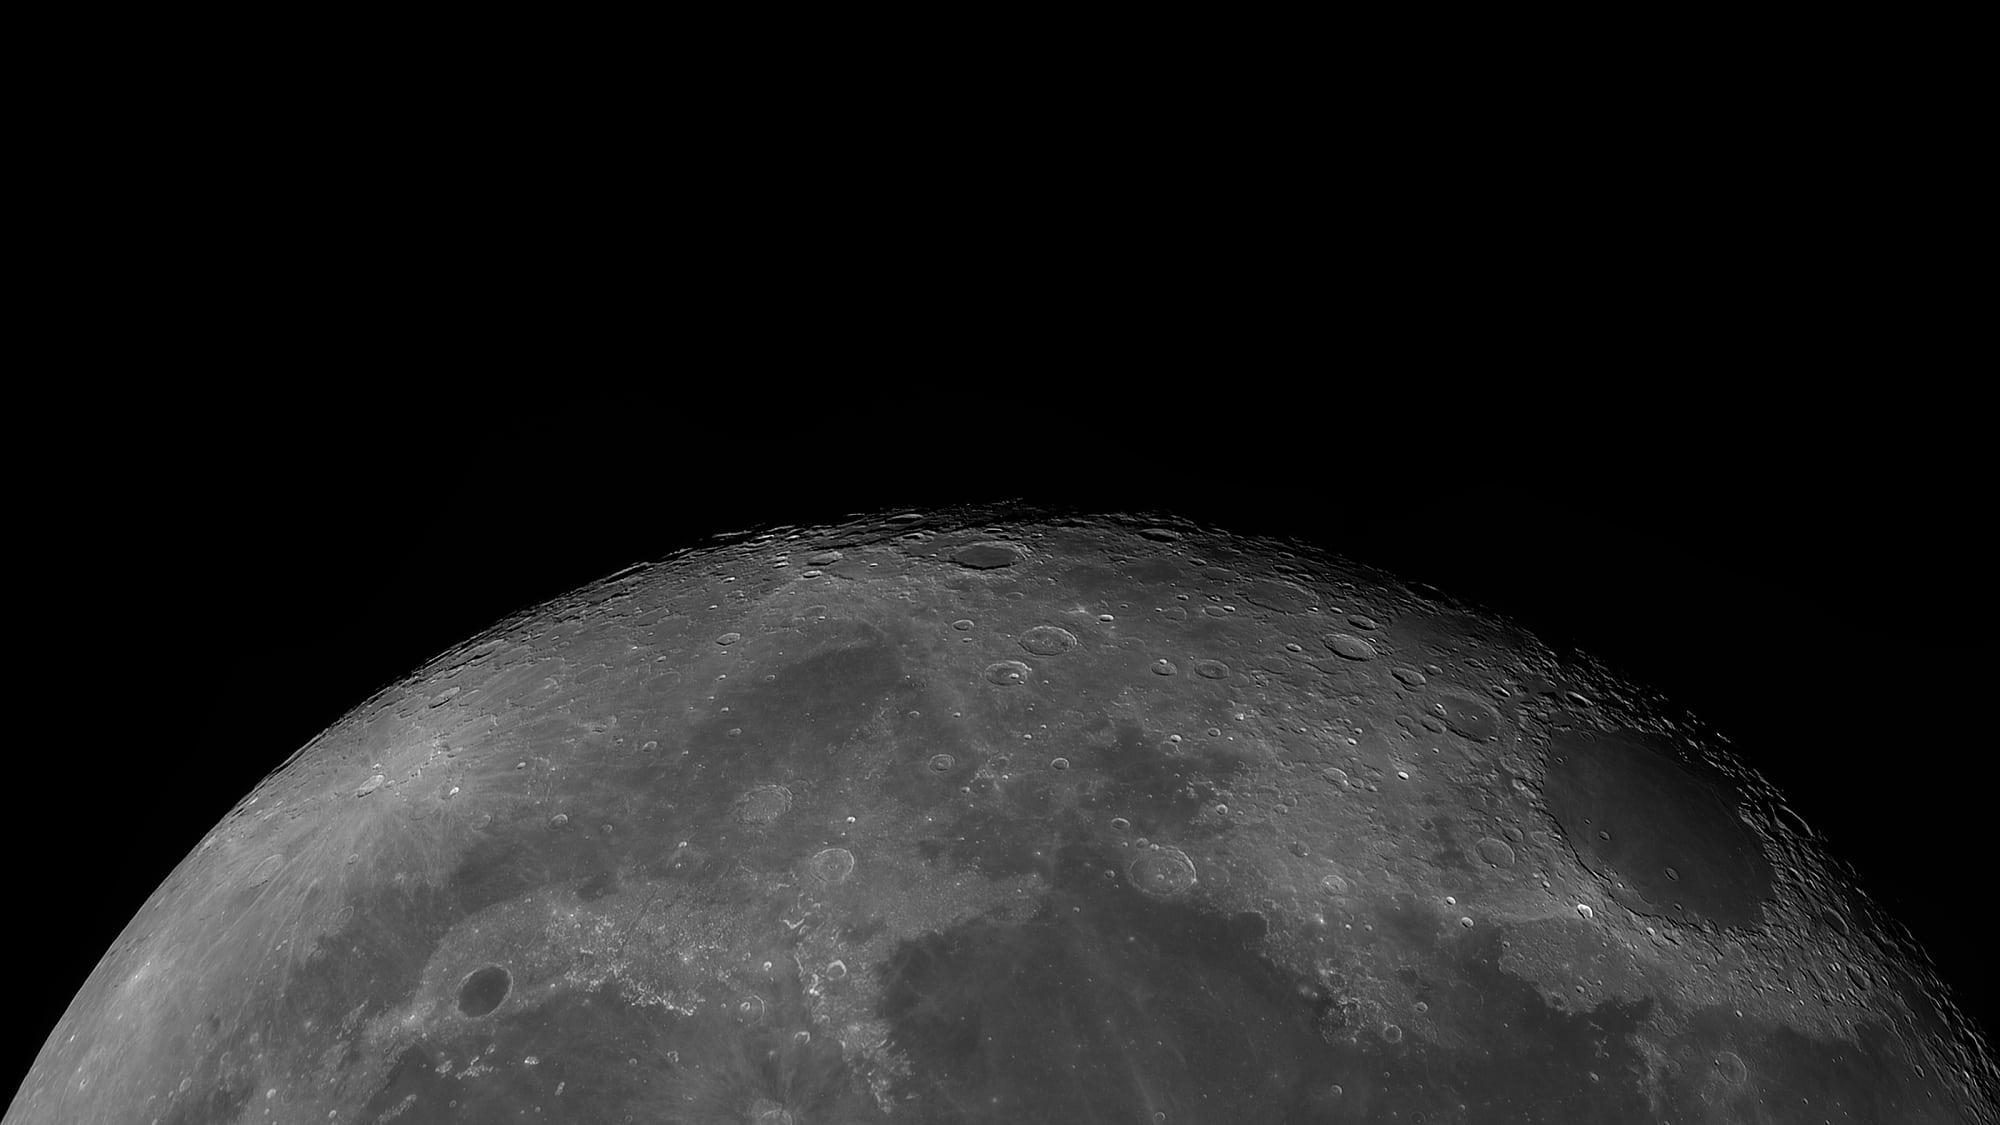 Panorama des abnehmenden Mondes vom 13. November 2019
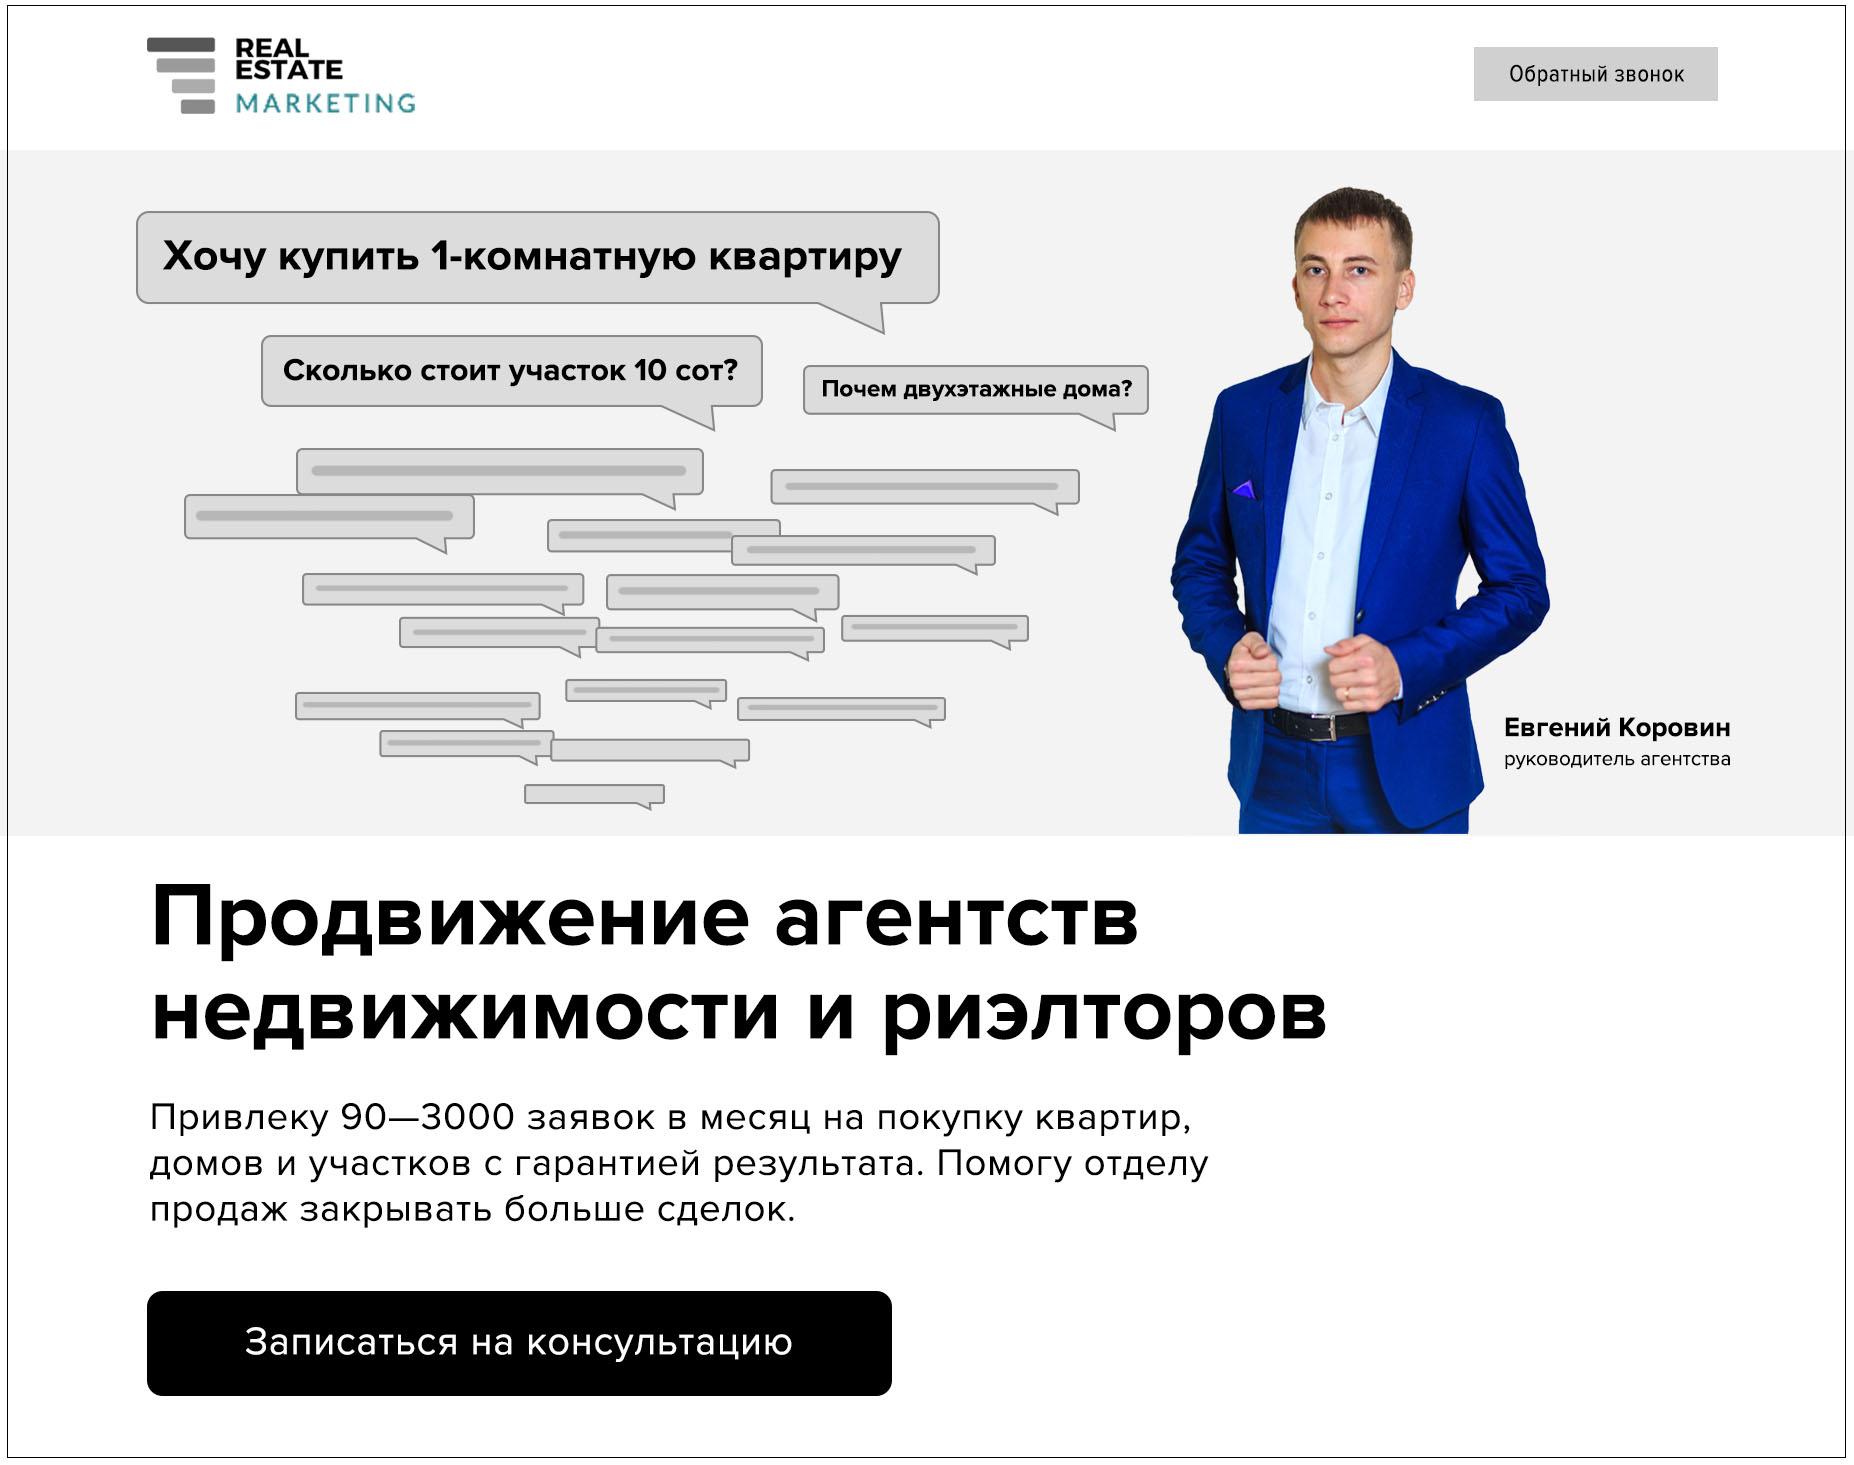 Как сделать первый экран лендинга – страница Евгения Коровина
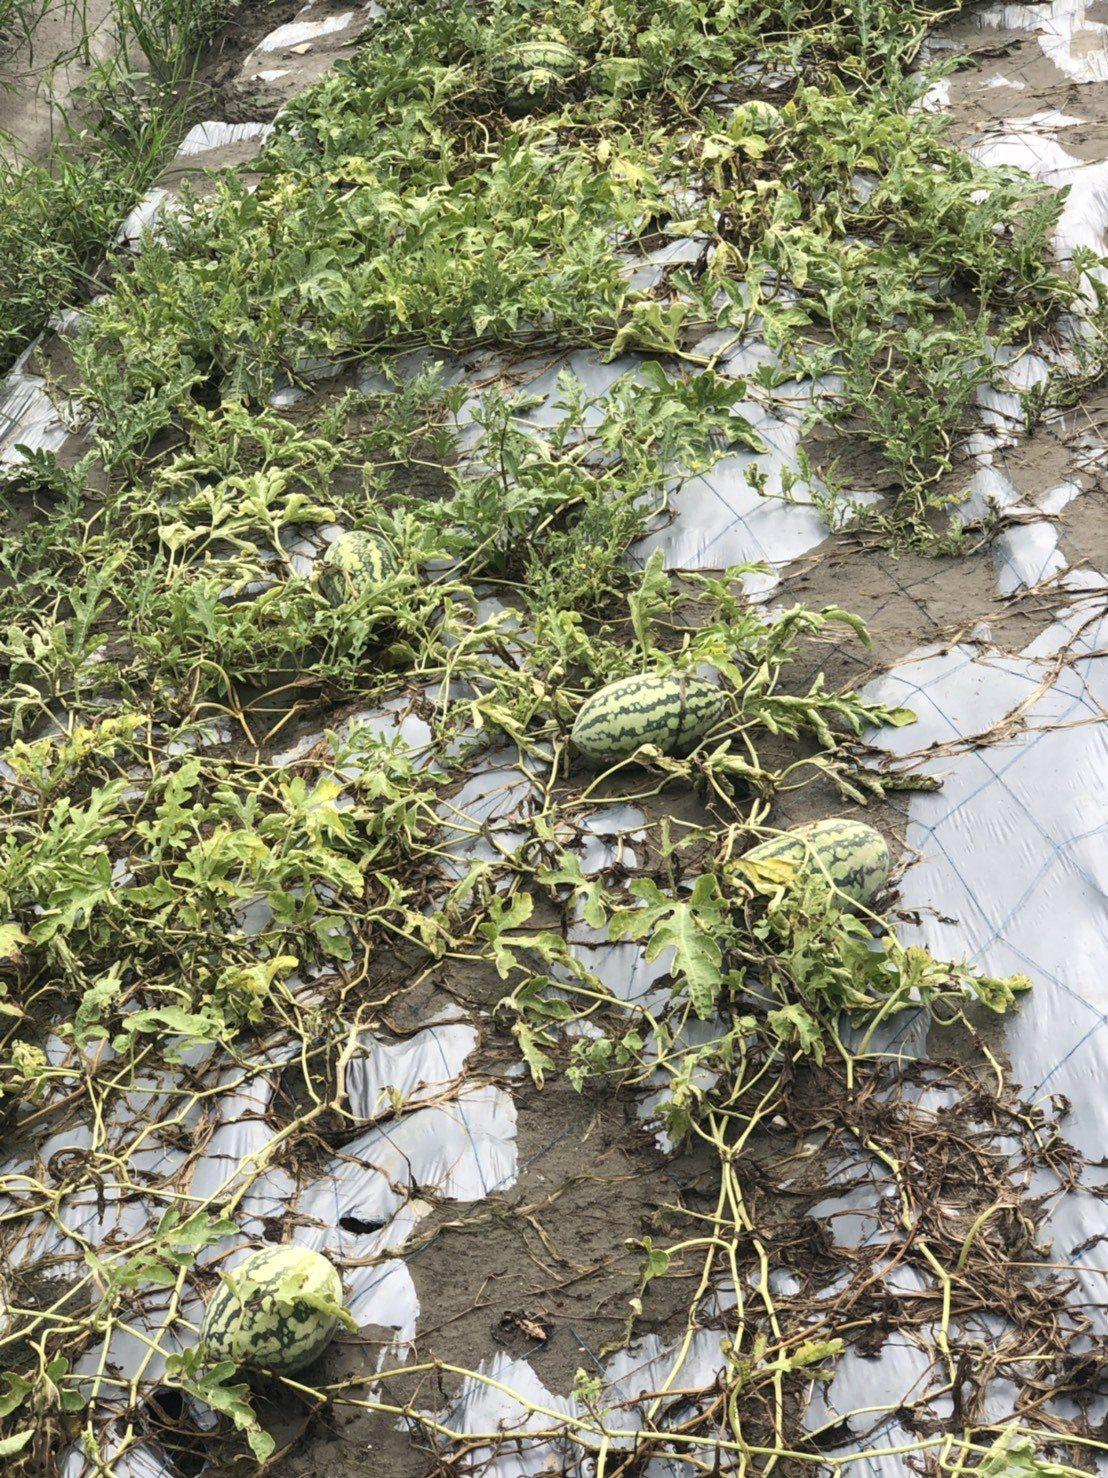 一夜大雨,和美鎮農民種的西瓜泡在水中。圖/賴清美提供

WHAT TO DO:
From the line containing "Как сделать первый" through the last line of the data above, write out every line word for word, and nothing else. Do not include the pictures.

ANSWER TO THE PROBLEM:
 Как сделать первый экран лендинга – страница Евгения Коровина
 一夜大雨,和美鎮農民種的西瓜泡在水中。圖/賴清美提供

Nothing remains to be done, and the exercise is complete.